Abstract: : Purpose: Estrogen has been shown to protect the lens from cataract formation via estrogen receptor alpha (ERa). ERa can bind the catalytic subunit of telomerase (TERT) promoter and up–regulate telomerase activity in estrogen dependent cells. Our laboratory has found that ERa and TERT interact in cataractous LEC but not in normal LEC. We intend to determine if ERa overexpression leads to increased transcription of the telomerase components, TERT and TR. Methods: Canine ERa was cloned by RT–PCR. The canine ERa gene was sub–cloned into the eukaryotic expression vector pIRES–hrGFP–2a for transfection experiments.
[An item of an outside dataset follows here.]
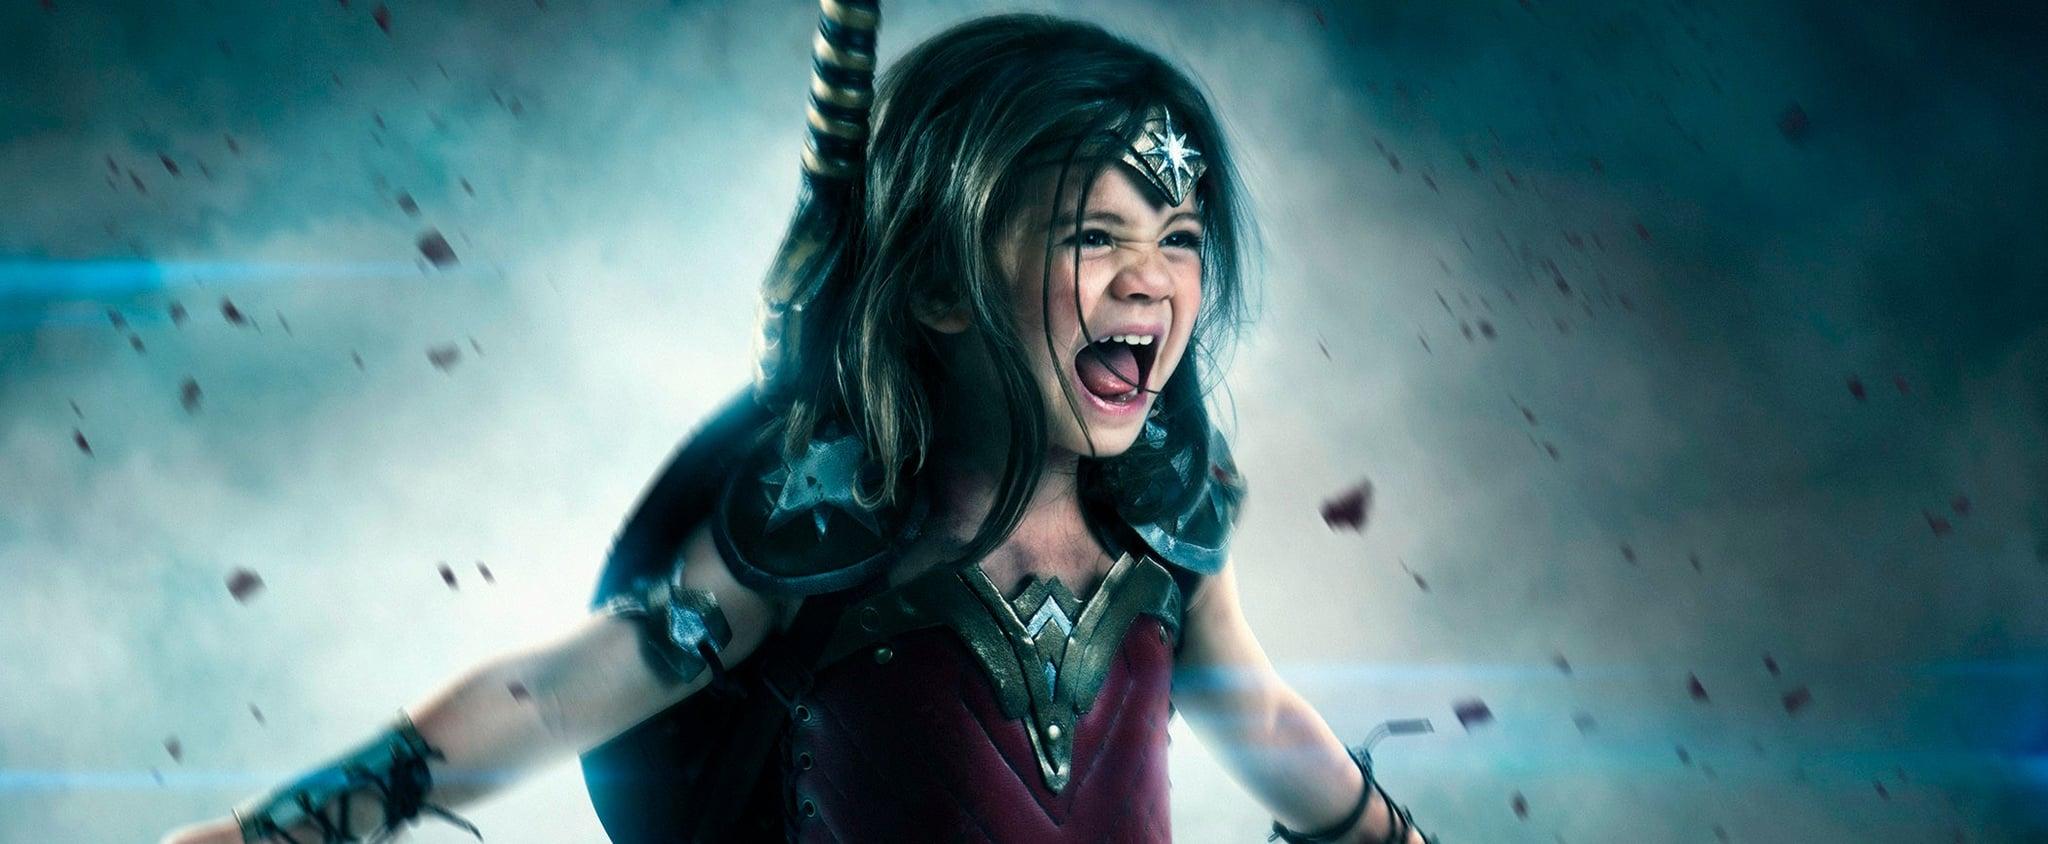 Little Girl Wonder Woman Cosplay

Primary cultures of canine LEC were transfected with FuGene 6 Reagent and ERa/pIRES–hrGFP plasmid DNA for 48 hr according to the manufacturers protocol. Estrogen was added to the culture 16 hr before cells were harvested. RNAs extracted from lens tissues and LEC were used for the first strand cDNA synthesis. Relative quantitative real time RT–PCR was performed in the Mx3000p System (95C for 10 minutes, then 40 cycles of 94C for 30 seconds, 60C for 30 seconds, and 72C for 30 seconds) using QuantiTect SYBR Green PCR kit. The relative quantification of TR, TERT, and ERa, normalized to HPRT (housekeeping control), are calculated using the LinRegPCR software. The primers to amplify sequences of the TR, TERT, ERa, and HPRT genes were designed based on the sequence data obtained in our laboratory. Results: ERa, TR, and TERT expression levels are higher in cataractous LEC than in normal LEC by relative quantitative real time RT–PCR. Preliminary data found ERa to be up–regulated in the presence and absence of estrogen after overexpression. In addition, TERT and TR were up–regulated in an estrogen–dependent in response to ERa overexpression. Conclusions: This data supports that ERa expression regulates the transcription of TERT and TR in LEC in an estrogen dependent manner. The future experiments are planned to check whether the proteins, ERa, TERT, and TR, are also increased in ERa transfected LEC.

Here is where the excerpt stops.